Музыка слышна из спальни, и я уже почти у двери, когда на что-то наступаю. Опять Маруся одежку от кукол раскидала? Наклоняюсь и поднимаю это. У меня в пальцах крошечные кружевные трусики. Я такое не ношу. Никогда не носила.
В ужасе замираю у двери в нашу супружескую спальню, прислушиваюсь. Женские стоны. Боже, сквозь торжественность классической музыки прорываются пошлые стоны какой-то шлюшки.
Холодными пальцами поворачиваю ручку двери, толкаю ее от себя и забываю, как дышать.
Этого не может быть! Не может быть!
– Давай! Давай! – почти рычит он сквозь стиснутые зубы, сильно сжимая сиськи скачущей на нем девицы. – Давай, крошка, еще.
– Олежа, – выдыхаю я, захлебываясь слезами. – Как?..
– Марина? – его глаза округляются, и к еще большему моему ужасу, он приподнимается, удержав инстинктивно на себе девушку, которая пыталась соскочить с него, и, застонав, кончает!
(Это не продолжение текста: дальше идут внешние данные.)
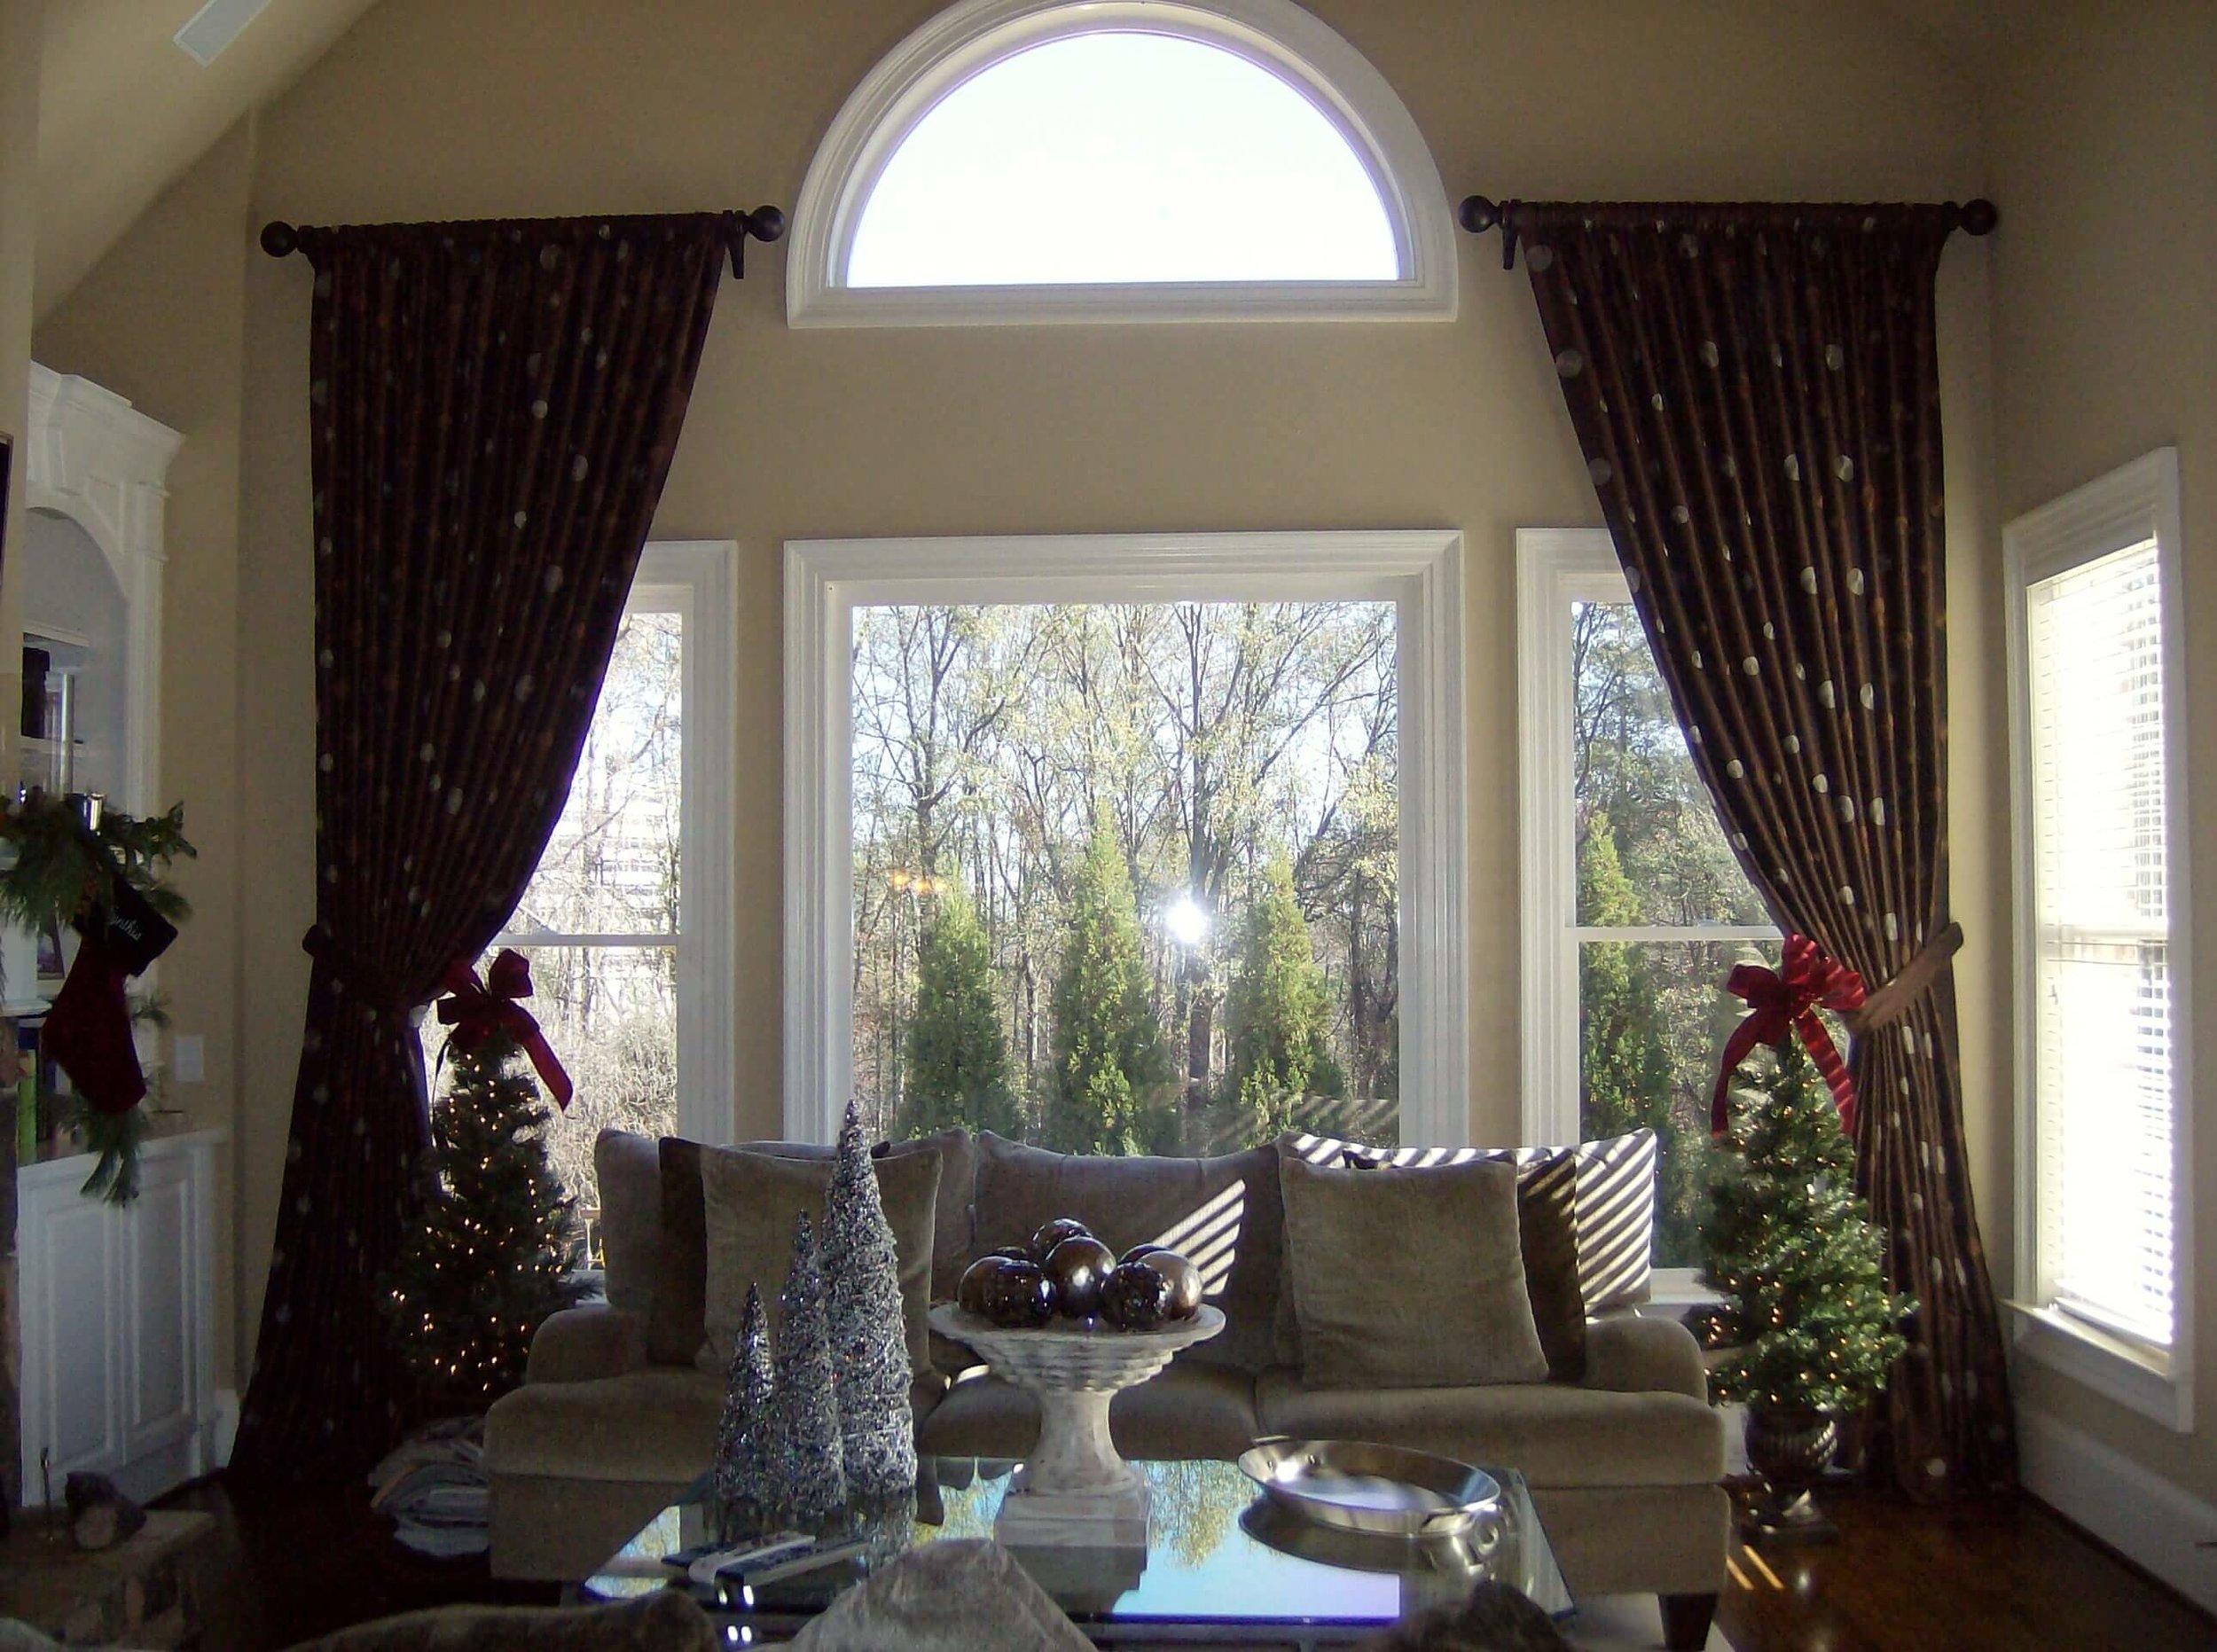 custom-blinds-drapery-shades-interior-design-atlanta-georgia-37.JPG

Я же знаю его лицо в этот момент! Как он закрывает глаза, прикусывает губу… Господи! Прямо при мне.
Меня тошнит, от стресса и музыки виски загораются огнем. Я выбегаю из комнаты. Не могу! Не могу больше на это смотреть! Семь лет счастливого брака. Семь лет я его обслуживала, молилась на него, лекции готовила…
На кухне я дрожащей рукой наливаю себе стакан воды, пью, захлебываясь и клацая зубами о стекло. Сейчас заберу Марусю и уйду. Куда уйду? Да неважно. Не могу быть здесь после его предательства.
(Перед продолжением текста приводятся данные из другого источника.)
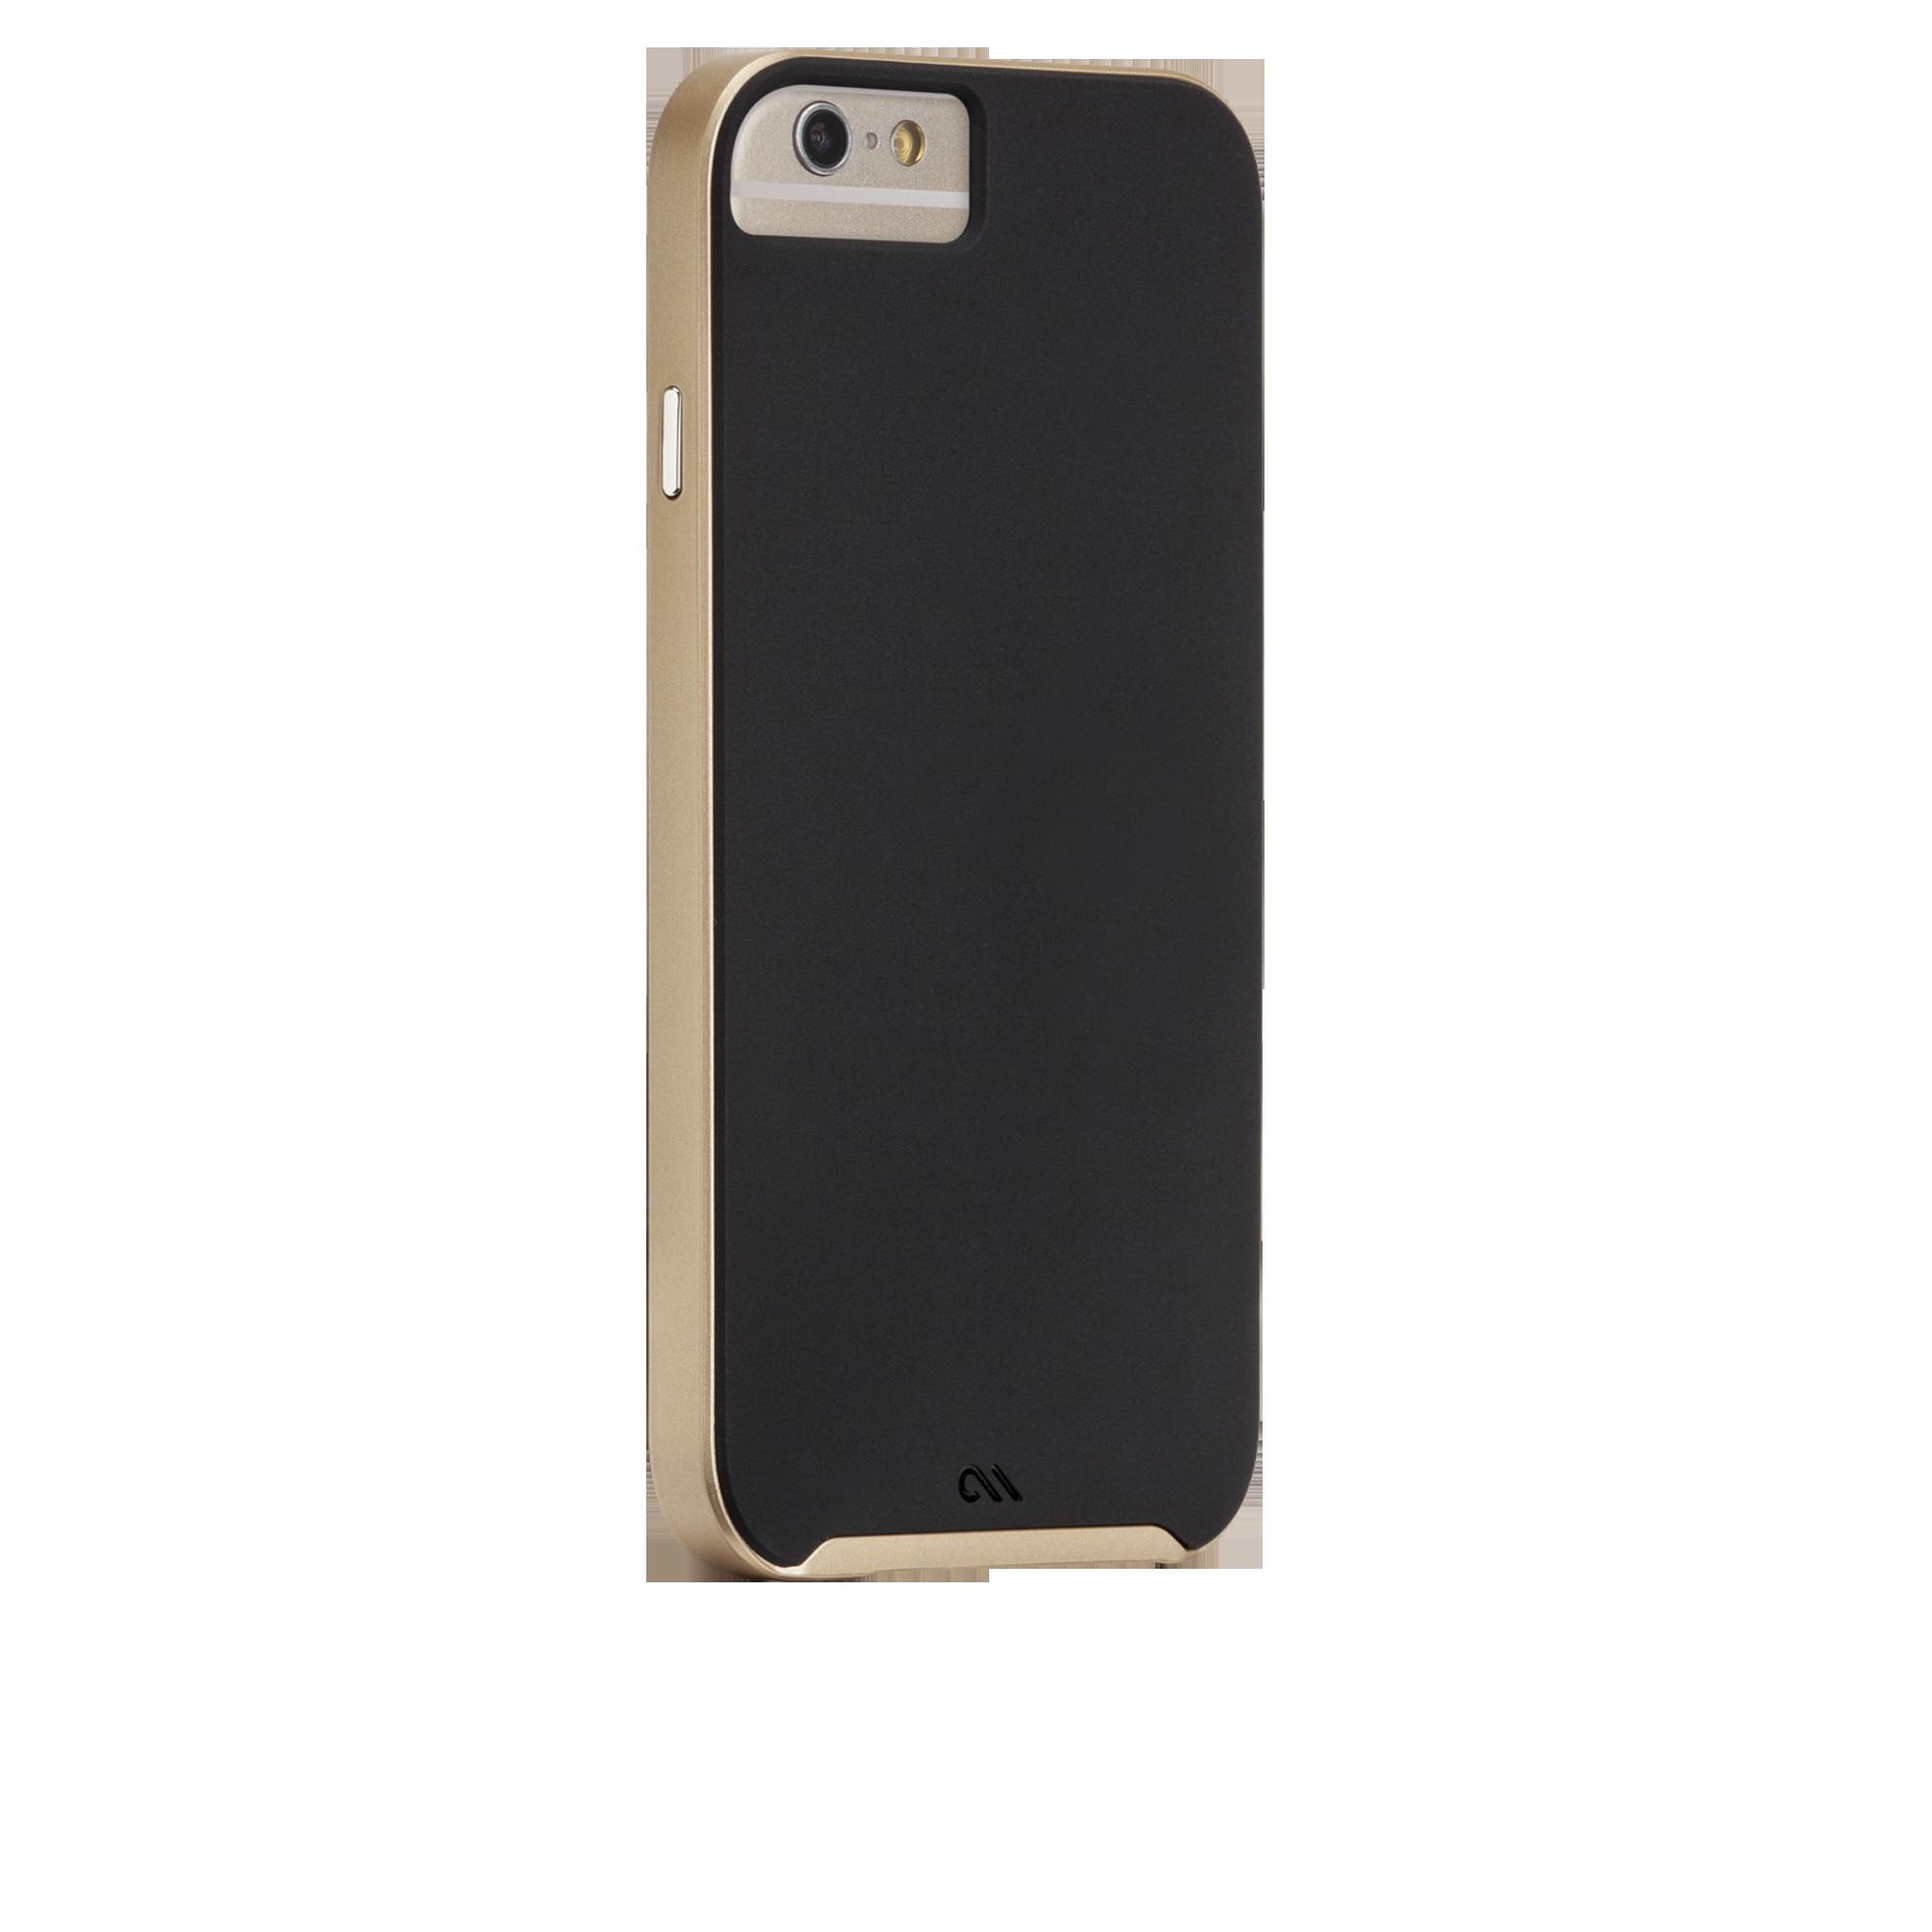 Slim Tough Case - Black & Gold

– Простите, – говорит молоденькая девчонка, пробегая мимо кухни. – До свидания.
– До свидания, – на автопилоте отвечаю я, понимаю, что ответила вежливостью любовнице моего мужа и всхлипываю, зажав рот ладонью. – До свидания… Боже…
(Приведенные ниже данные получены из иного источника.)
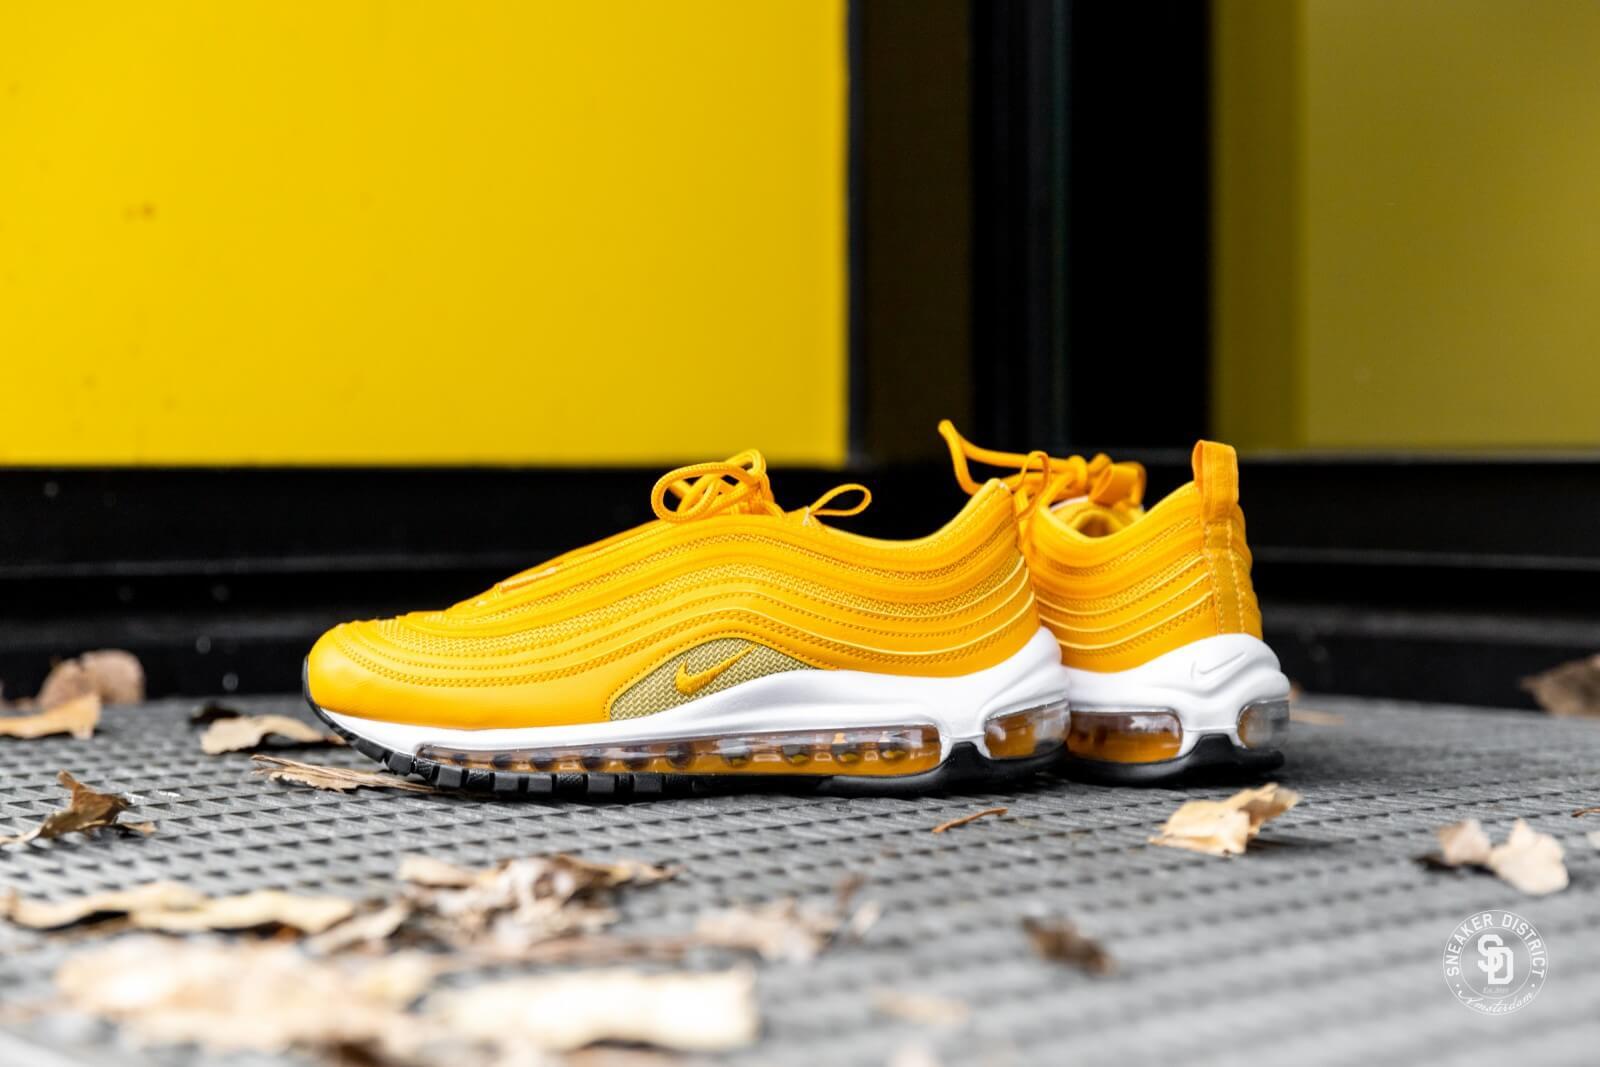 Nike Women's Air Max 97 Mustard/Buff Gold

– Ты сегодня рано, Мара, – слышу за спиной его хорошо поставленный голос. – Давай просто все обсудим.
– Только сегодня? – цепляюсь за эту фразу, осознание сжимает горло тисками. Эта не первая.
– Только не надо устраивать мне тут драму со слезами, – усмехается он, застегивая пуговицы на рубашке. – Ты же выше этого.
– Выше слез или выше драмы? – хочу рыдать, сползти по кухонному гарнитуру на кафельный пол, свернуться эмбрионом и рыдать. Что он сделает, если я расплачусь? По-настоящему расплачусь? Как больно, физически. Из центра груди будто вырвали… сердце.
– Выше того, чтобы все портить из-за того, что ты пришла домой пораньше, – засовывает руки в карманы, делает ко мне пару шагов. – У тебя же пары до вечера стоят.
Не удерживаюсь и оборачиваюсь, смотрю на него во все глаза.
– Правильно ли я тебя поняла, это я виновата, что пришла домой раньше? – дрожат руки и голос. И я не знаю, что сильнее. Я по привычке пытаюсь сдержать слезы, потому что я же должна ему соответствовать, должна быть идеальной. Как выяснилось, той, которая будет идеально закрывать на все глаза.
– Мара, – его интонации становятся чуть мягче, тянет ко мне руку и собирает костяшкой пальца слезу, которая катится по щеке, – ты же не дура.
Шарахаюсь в сторону. Непроизвольно. Будто бы ударил или замахнулся. Его прикосновение прожгло дыру в коже. Еще больше уничтожая меня.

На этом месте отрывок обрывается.